Why does he think the misconception has occurred? “I think the press may be too powerful,” he replies. (More than anyone I have ever interviewed, Birgisson becomes literally rigid with caution when you switch on a tape machine in his presence.) “In Britain, the press is really weird - the weirdest in the world.”
Switch the machine off, though, and the singer is a clown, flirty, bibulous and gossipy. The evening before, a rough, nighttime canal trip on an open-top tourist boat had been eased by heroic quantities of fierce vodka. Sigur Ros are many things, but aloof – the on-record Birgisson excepted - is not one of them.

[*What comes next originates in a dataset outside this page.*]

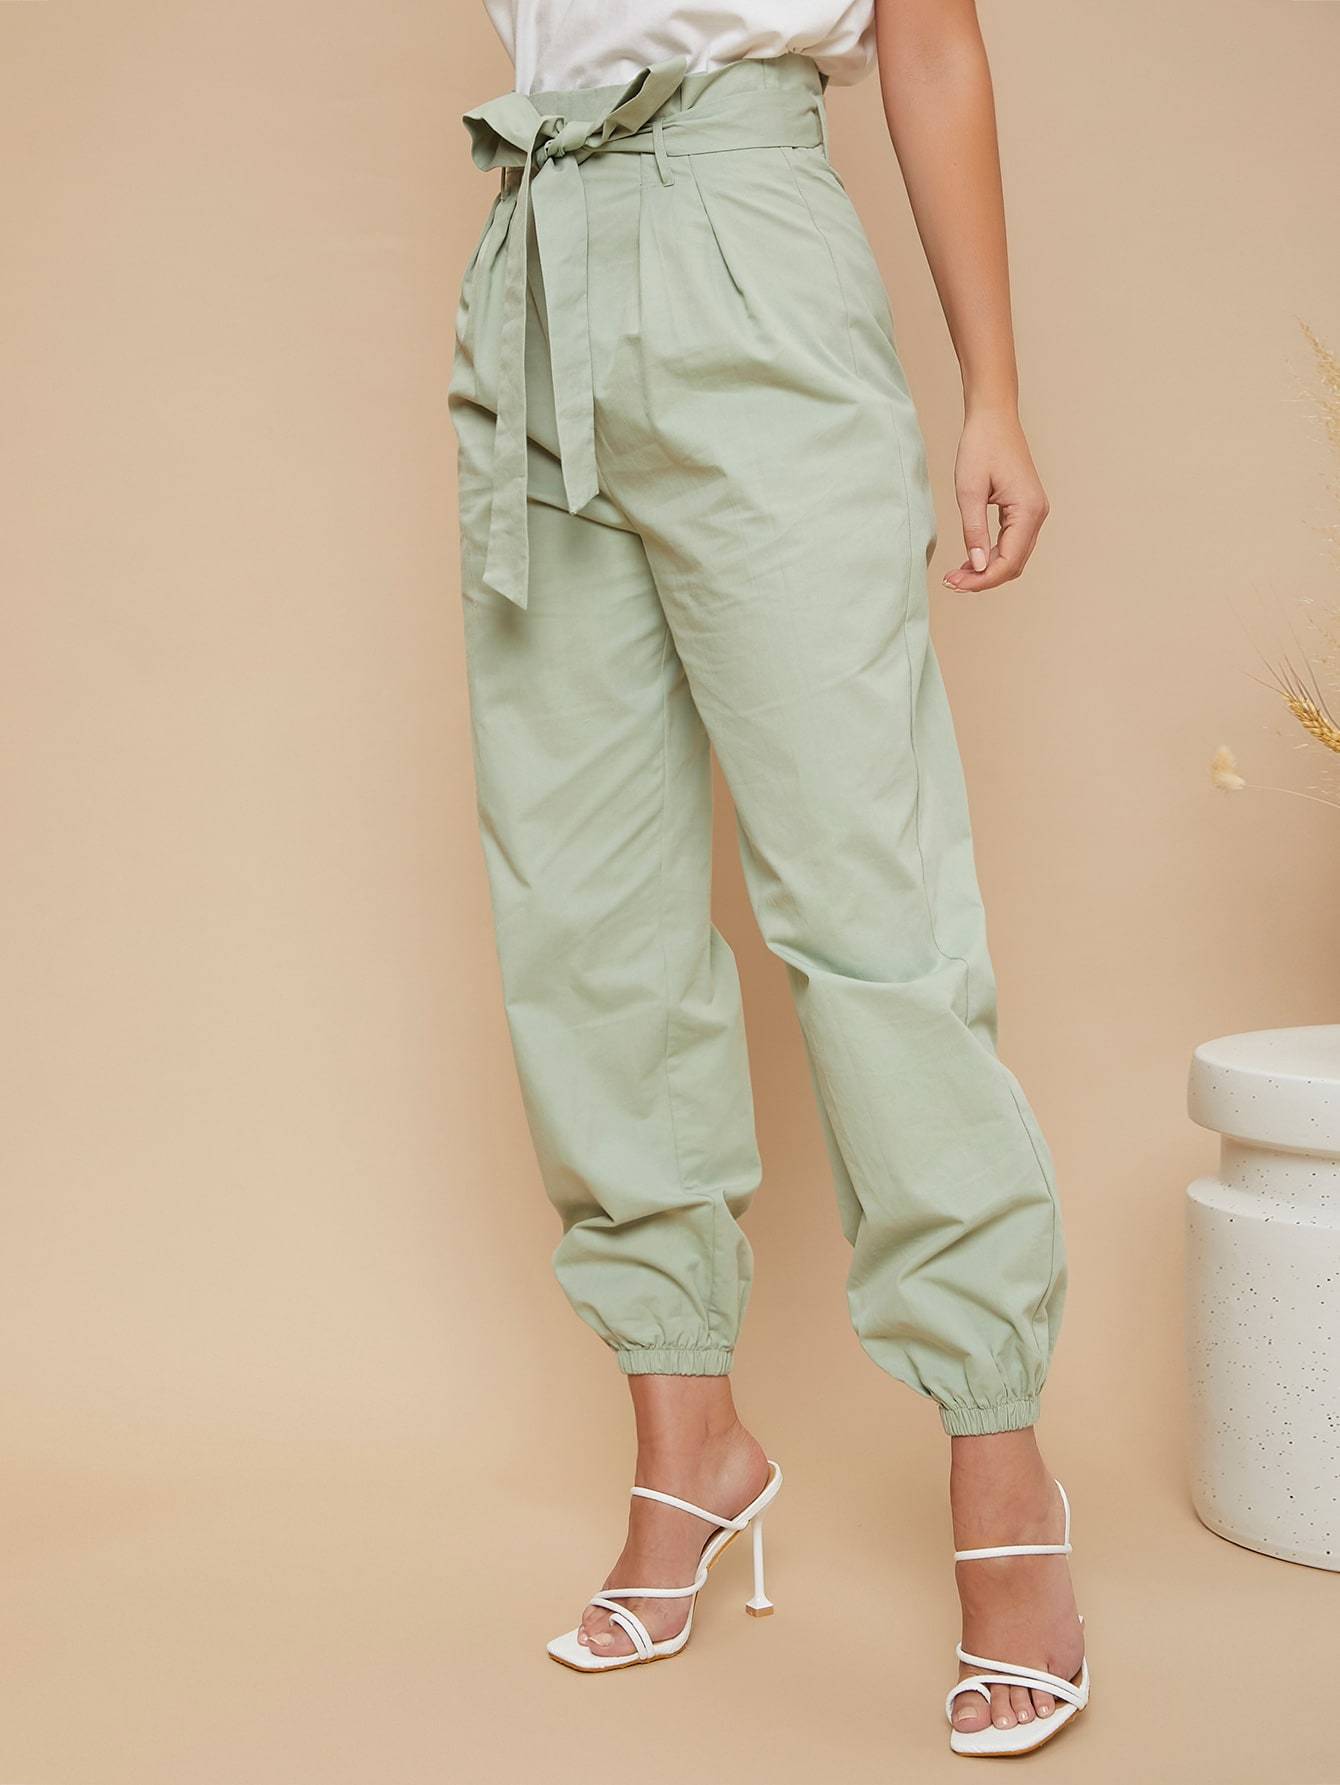 High Waist Solid Cargo Pants  Mint green pants outfit, Green

Holm, downing white wine with the caviar, thinks that Iceland, so celebrated as a hot house of creative talent, has become complacent,and seems content to put a few nosesout of joint by saying so. “Anyone you meet in the street is doing something creative,” he says. “They’re never just doing their nine-to-five job. In my opinion, it’s sometimes a little bit fake - you know, people just doing it because everyone else is.” Was that why they made their new album abroad: to escape? “Oh,” Holm concludes drily, “I think we were running away from ourselves more than from Iceland.”
The new album’s cover art - a photograph of several naked people crossing a motorway and scampering towards distant hills - was another sign that things had become a little lighter, in terms of how Sigur Ros projected themselves. It also captures the impulse to strip off and run back to nature, most forcefully summoned by songs such as Festival and Within Me a Lunatic Sings. The latter contains a pause - when, for less than a second, sonic action is suspended before bursting back into life - that may be the most exciting moment in pop music this year.

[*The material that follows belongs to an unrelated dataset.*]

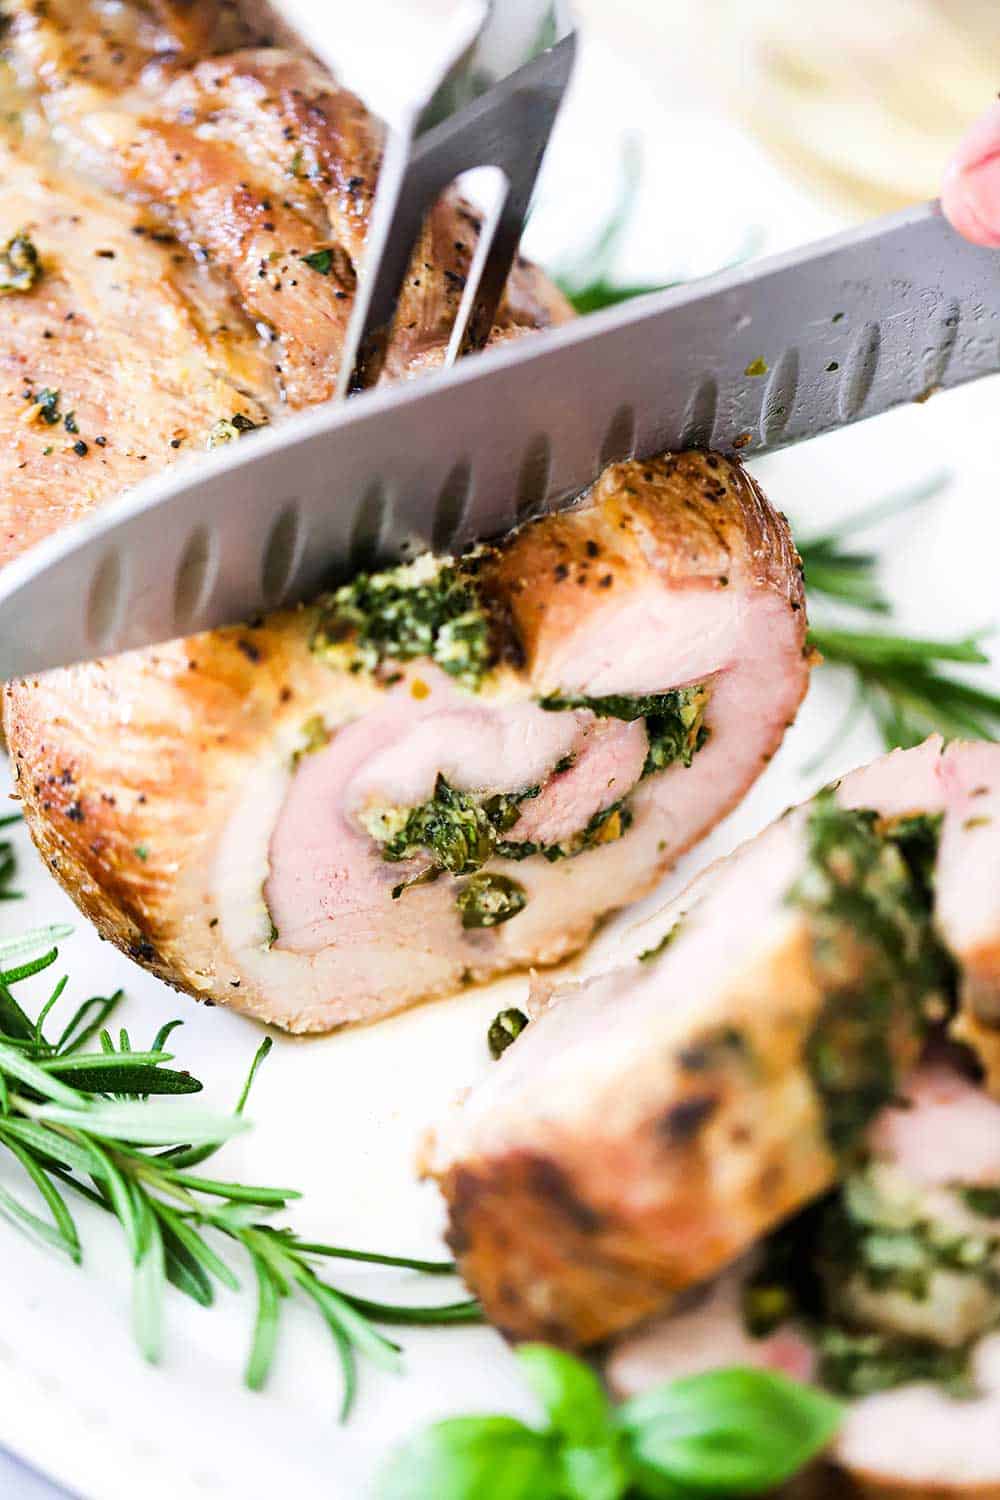 A chef's knife cutting into a herb-stuffed pork loin on a white platter.

America was aghast at the buttocks. “They put a sticker on it,” Holm says, shaking his head, “which just covered the rear parts of the people in the photograph. I mean: stupid?” The video for Gobble-digook, which also contained its fair share of frolicking and nudity, was banned by YouTube. “Which is bizarre,” Holm continues, “because you can probably see people getting hit by cars, or beating up old women in the street, but a few naked people running around isn’t allowed.”
Sigur Ros have come down, as the agnostics would no doubt have it, from their lofty glacier and made an album teeming with joy, fun, spontaneity and three-minute songs. And what happens? The Americans censor them, the Russians give them fines and the internet bans them. “It makes it more interesting if it’s not easy,” Birgisson says. “Now, where’s my posh playgirl?”